[Artificial intelligence for diagnosis of vertebral compression fractures using a morphometric analysis model, based
A V Petraikin1, Zh E Belaya2, A N Kiseleva3
1Research and Practical Clinical Center for Diagnostics and Telemedicine Technologies.
Summary
An AI model, Comprise-G, effectively detects vertebral compression fractures (VFs) on chest CT scans, improving osteoporosis complication diagnosis. This AI assistant shows high accuracy, aiding radiologists in preventing future fractures.
Area of Science:
- Radiology
- Artificial Intelligence
- Medical Imaging
Background:
- Pathological low-energy vertebral compression fractures (VFs) are common osteoporosis complications.
- VFs are often unreported on chest CT (CCT), necessitating advanced diagnostic tools.
- An AI assistant can improve the detection of osteoporosis complications and prevent new fractures.
Purpose of the Study:
- To develop an AI model for automated diagnosis of thoracic spine compression fractures.

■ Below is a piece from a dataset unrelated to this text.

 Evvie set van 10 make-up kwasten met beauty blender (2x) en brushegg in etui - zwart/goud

- The model aims to assist radiologists in identifying VFs on CCT images.
Main Methods:
- A retrospective study used 160 anonymized CCT scans.

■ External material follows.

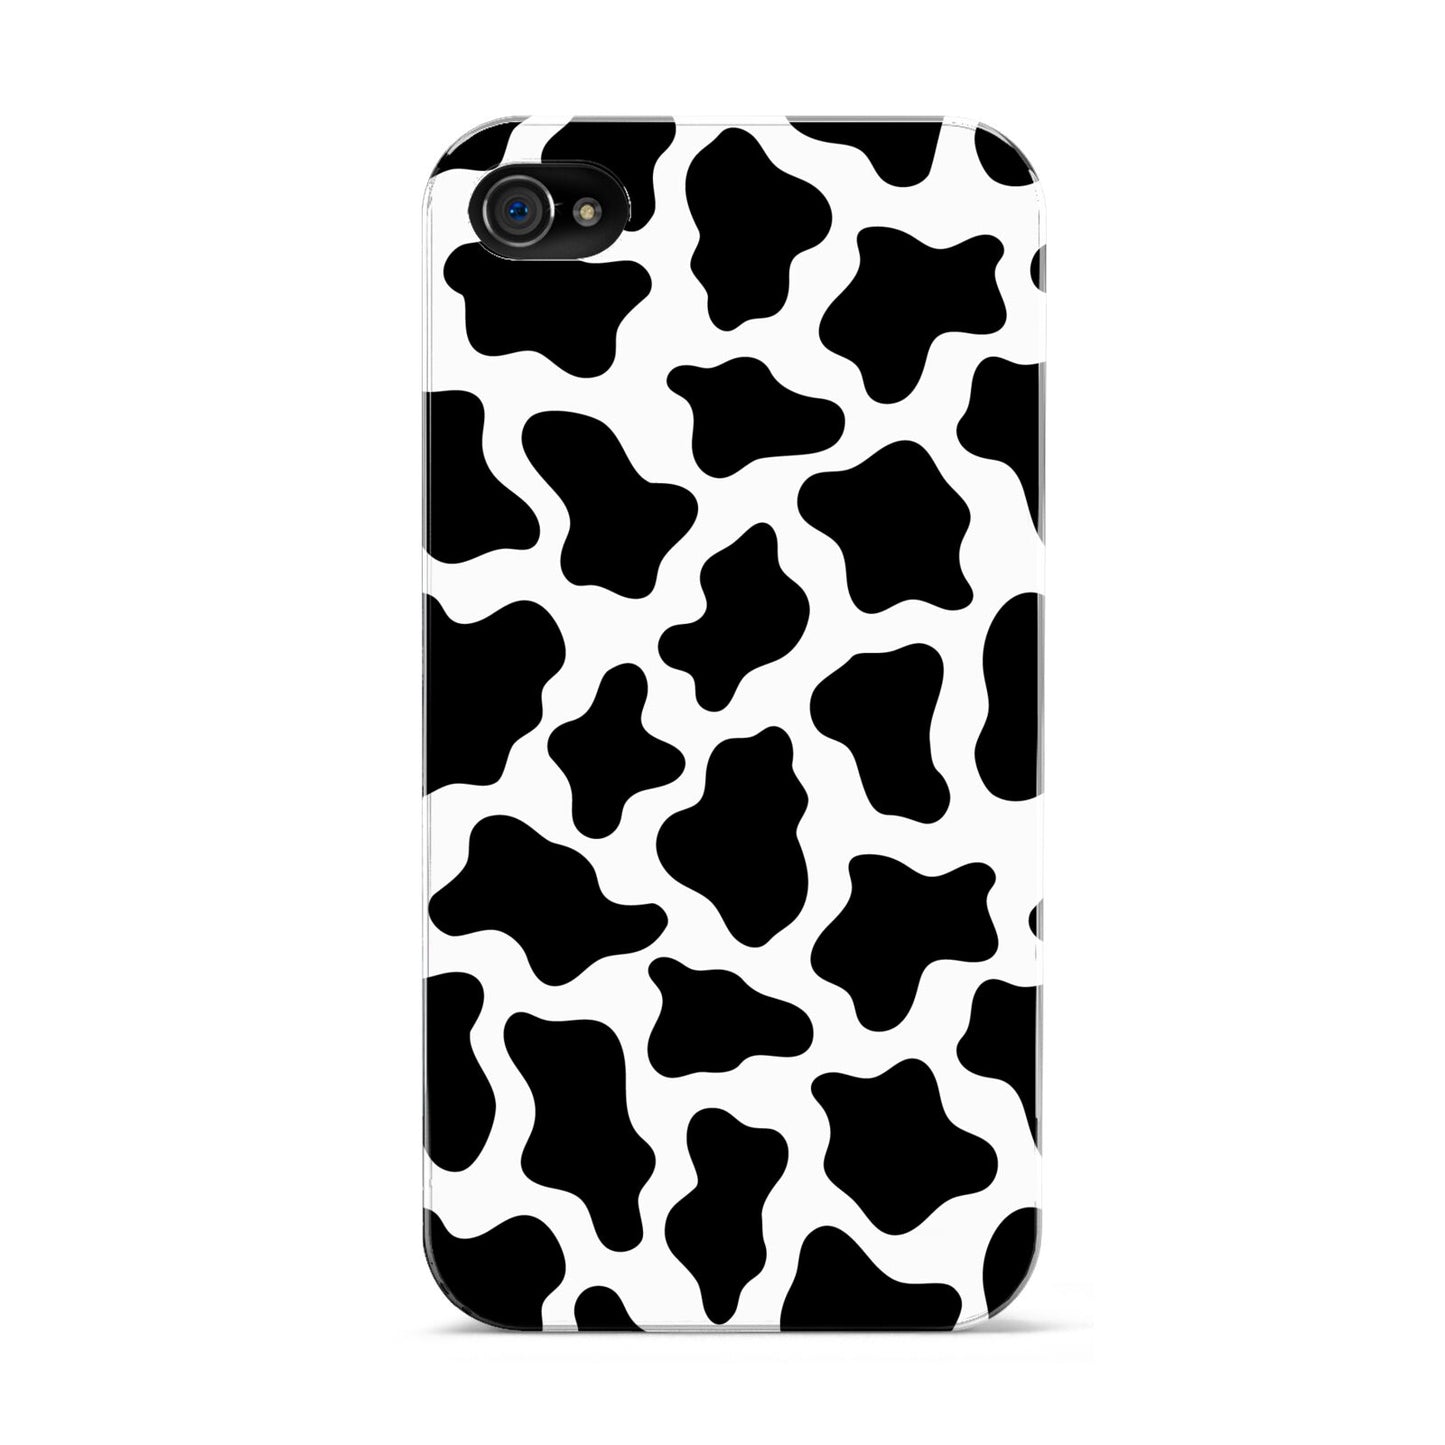 Cow Print Apple iPhone 4s Case

- Morphometric analysis and semiquantitative assessment were performed.
- A CNN-based AI model (Comprise-G) was developed to measure vertebral bodies and calculate compression degree.
Main Results:
- The Comprise-G model achieved high sensitivity and specificity in detecting VFs.
- On test data, the model showed 83.2% sensitivity and 90.0% specificity for VFs in patients.
- For individual vertebrae, the model demonstrated 79.3% sensitivity and 98.7% specificity on test data.
Conclusions:
- The Comprise-G AI model exhibits strong diagnostic performance for VFs on CCT.
- The model shows potential for clinical application and warrants further validation.